The neccesary params are:
- `output_dir` is the path from `data_dir` to the directory where data will be saved to.
- `cdm_source_fields` define the fields needed to populate the CDM_SOURCE table, see [cdm_source](http://ohdsi.github.io/CommonDataModel/cdm54.html#cdm_source):
  - `cdm_source_name`: The name of the CDM instance. 
  - `cdm_source_abbreviation`: The abbreviation of the CDM instance. 
  - `cdm_holder`: The holder of the CDM instance. 
  - `source_description`: The description of the CDM instance
  - `source_documentation_reference`: Link to documentation of the CDM instance
  - `cdm_etl_reference`: Version of the ETL script used. e.g. link to the Git release 
  - `source_release_date`: The date the data was extracted from the source system. In some systems that is the same as the date the ETL was run. Typically the latest even date in the source is on the source_release_date.

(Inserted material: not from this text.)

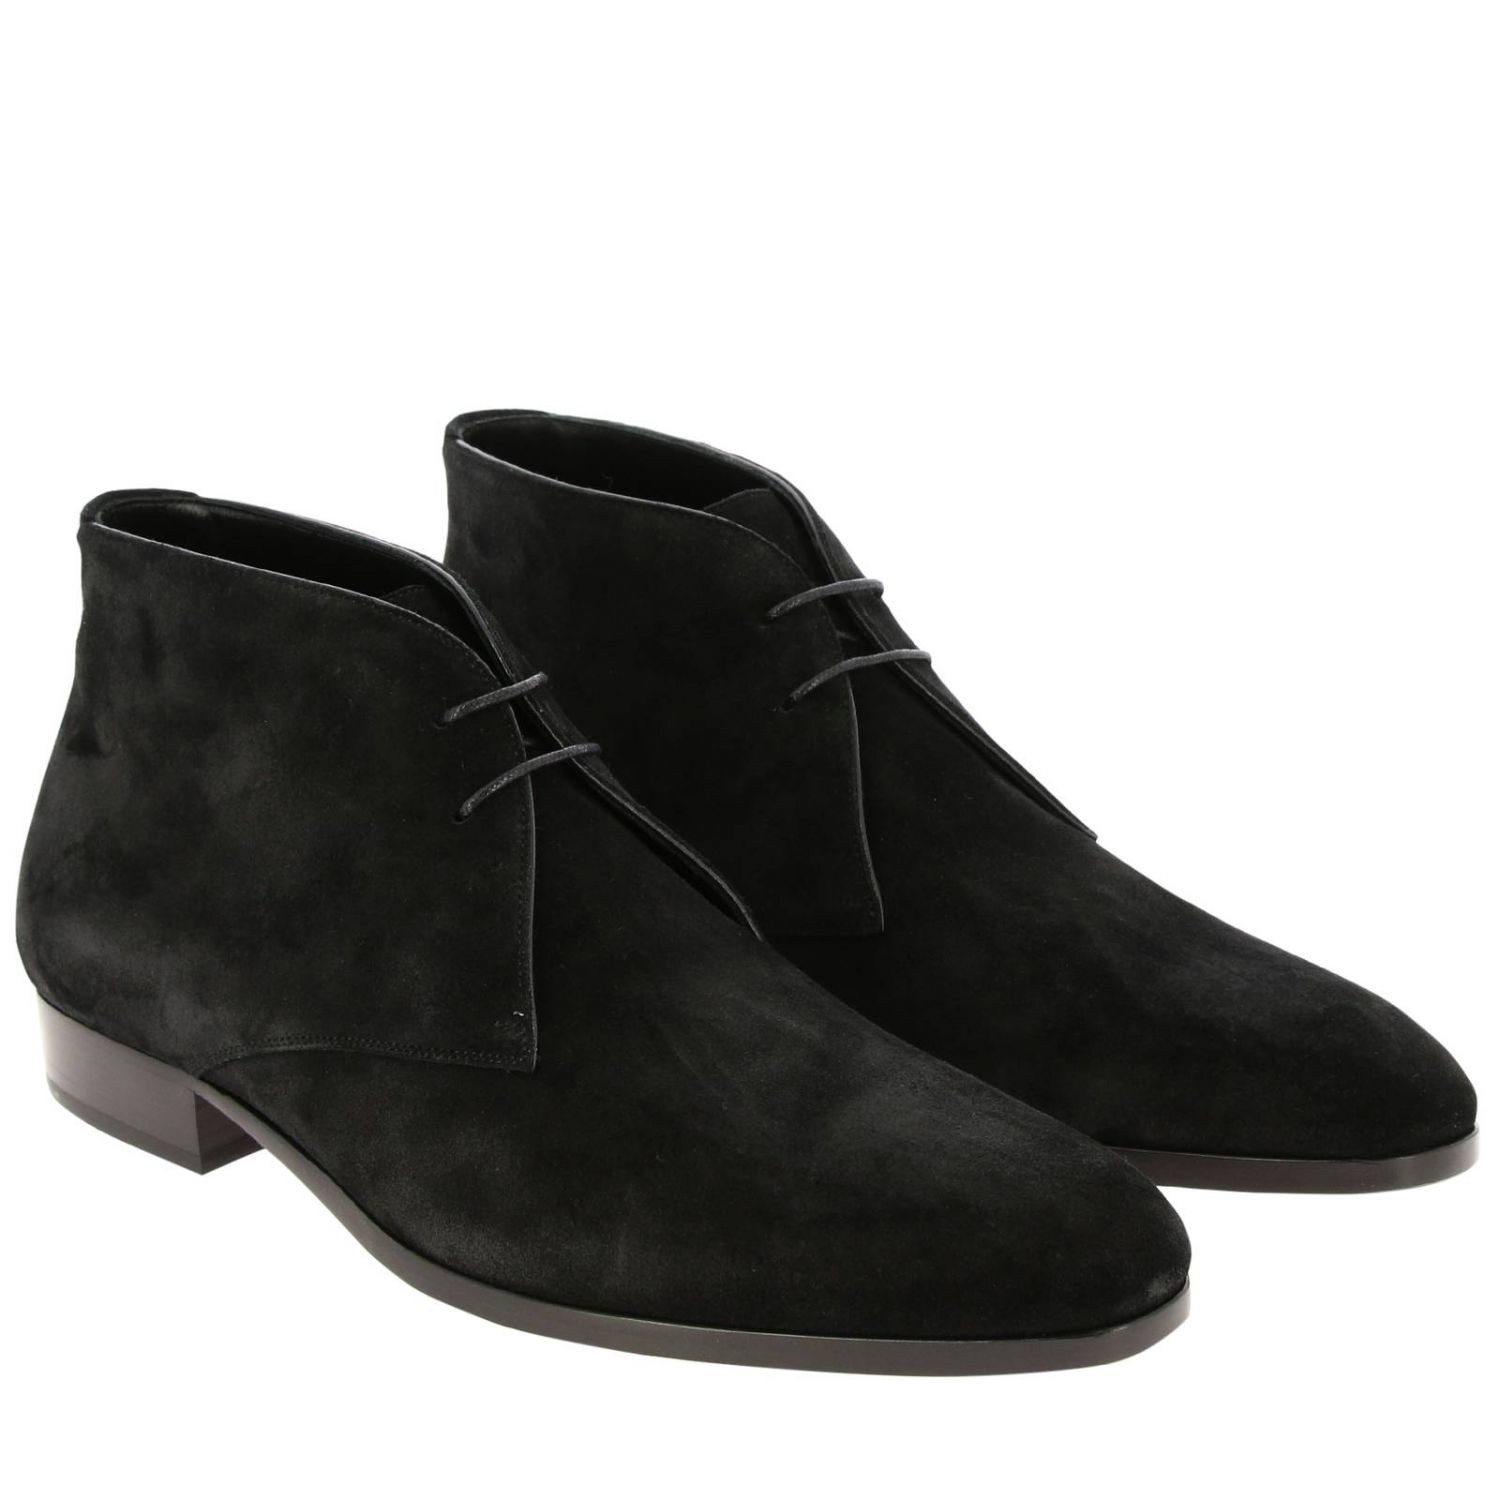 Saint Laurent Outlet: Classic chukka boots in suede - Black | Saint ...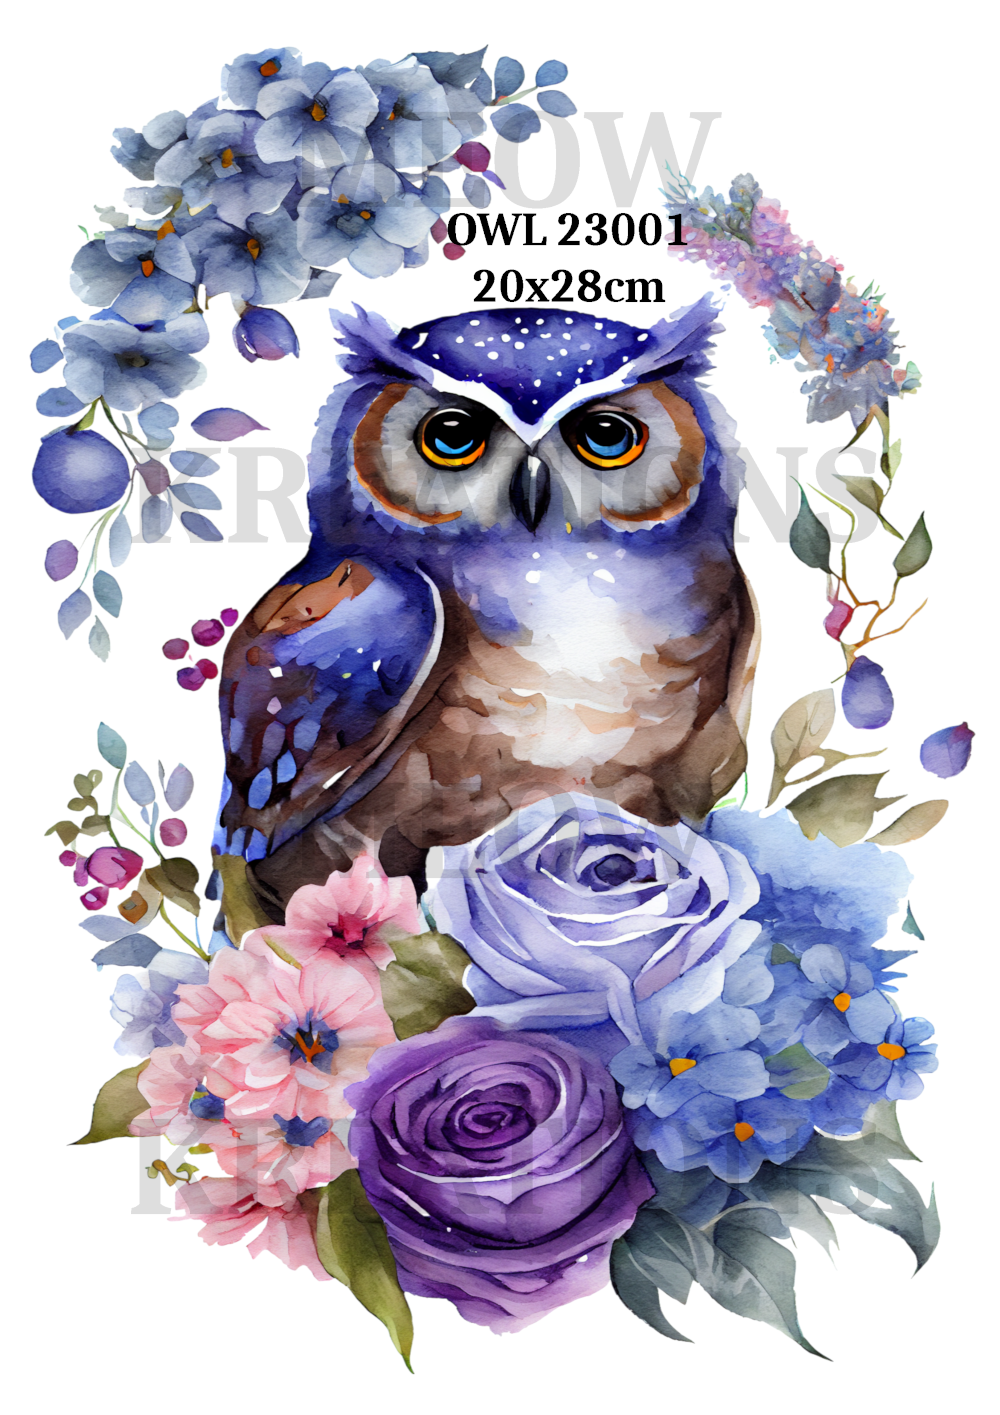 OWL 23001

  - `cdm_release_date`: The date the ETL script was completed. Typically this is after the source_release_date.
  - `cdm_version`: Version of the OMOP CDM used as string. e.g. "5.4"
  - `cdm_version_concept_id`: The Concept Id representing the version of the CDM. (Usually: 756265)
  - `vocabulary_version`: Version of the OMOP standardised vocabularies loaded. (Usually: v20240830)

The parameter `output_dir` is defined in relation to the `data_dir` folder defined in the `.env` file.